The exact cause of transverse myelitis and extensive damage to the bundles
of nerve fibers of the spinal cord is unknown in many cases. Cases in which a cause cannot be identified are called idiopathic. Viral, bacterial, and fungal infections affecting the spinal cord may cause the disorder.
A number of conditions appear to cause transverse myelitis, including:
Immune system disorders appear to play an important role in causing damage to the spinal cord. Such disorders are:
aquaporin-4 autoantibody associated neuromyelitis optica. Neuromyelitis optica is a disorder that affects the eye nerves and spinal cord. Aquaporin-4 is a channel on the cell membrane that lets water enter the cell and helps maintain the chemical balance for processes to take place within the central nervous system. An antibody is a protein that binds to foreign substances that can attack the host organism.
multiple sclerosis, a disorder in which immune system cells that normally protect us from viruses, bacteria, and unhealthy cells mistakenly attack the protective coating of myelin in the brain, optic nerves, and spinal cord
post-infectious or post-vaccine autoimmune phenomenon, in which the body’s immune system mistakenly attacks the body’s own tissue while responding to the infection or, less commonly, a vaccine
an abnormal immune response to an underlying cancer that damages the nervous system; or
other antibody-mediated conditions that are still being discovered.
Viral infections including herpes viruses such as varicella zoster (the virus that causes chickenpox and shingles), herpes simplex, cytomegalovirus, and Epstein-Barr; flaviviruses such as West Nile and Zika; influenza, echovirus, hepatitis B, mumps, measles, and rubella. It is often difficult to know whether direct viral infection or a post-infectious response causes the transverse myelitis.
Bacterial infections such as syphilis, tuberculosis, actinomyces, pertussis, tetanus, diphtheria,and Lyme disease. Bacterial skin infections, middle-ear infections, campylobacter jejuni gastroenteritis, and mycoplasma bacterial pneumonia have also been associated with the condition.
Fungal infections in the spinal cord, including aspergillus, blastomyces, coccidioides, and cryptococcus.
Parasites, including toxoplasmosis, cysticercosis, shistosomiasis, and angtiostrongyloides.
Other inflammatory disorders that can affect the spinal cord, such as sarcoidosis, systemic lupus erythematosus, Sjogren’s syndrome, mixed connective tissue disease, scleroderma, and Bechet’s syndrome.

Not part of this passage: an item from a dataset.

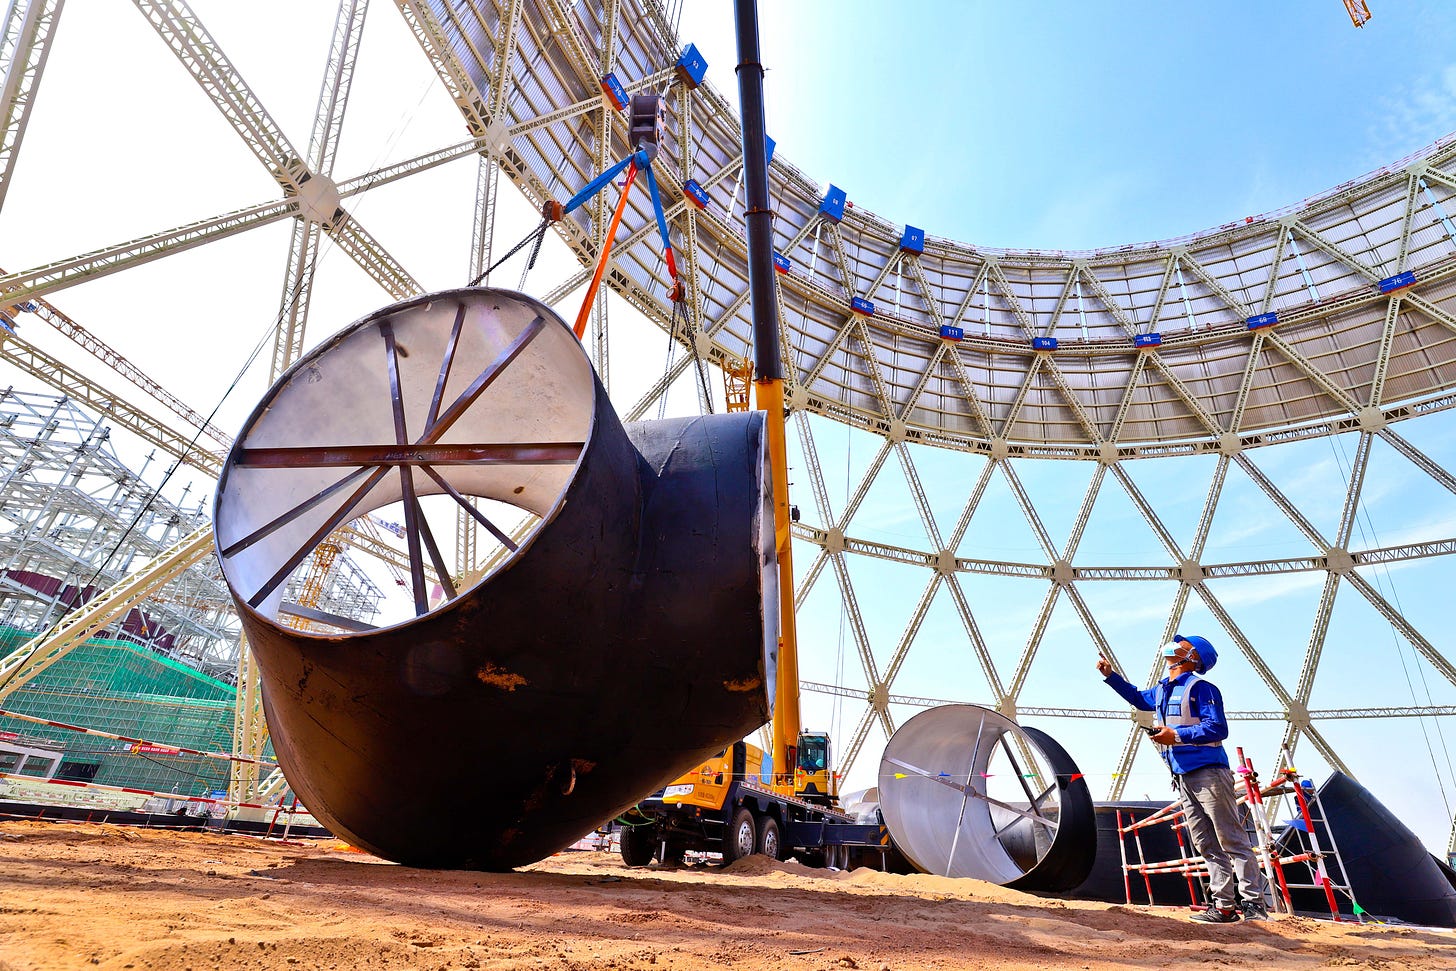 Builders install a cooling tower ventilation pipe at the site of a coal-fired unit expansion project on May 2 in Zhangye, China. Credit: Costfoto/NurPhoto via Getty Images

Vascular disorders such as arteriovenous malformation, dural arterial-venous fistula, intra-spinal cavernous malformations, or disk embolism.
In some people, transverse myelitis represents the first symptom of an autoimmune or immune-mediated disease such as multiple sclerosis or neuromyelitis optica.“Partial” myelitis—affecting only a portion of the cord cross-section—is more characteristic of multiple sclerosis. Neuromyelitis optica is much more likely as an underlying condition when the myelitis is “complete” (causing severe paralysis and numbness on both sides of the spinal cord). Myelitis attacks with neuromyelitis optica spectrum disorder (NMOSD) tend to be more severe and are associated with less recovery than attacks with multiple sclerosis.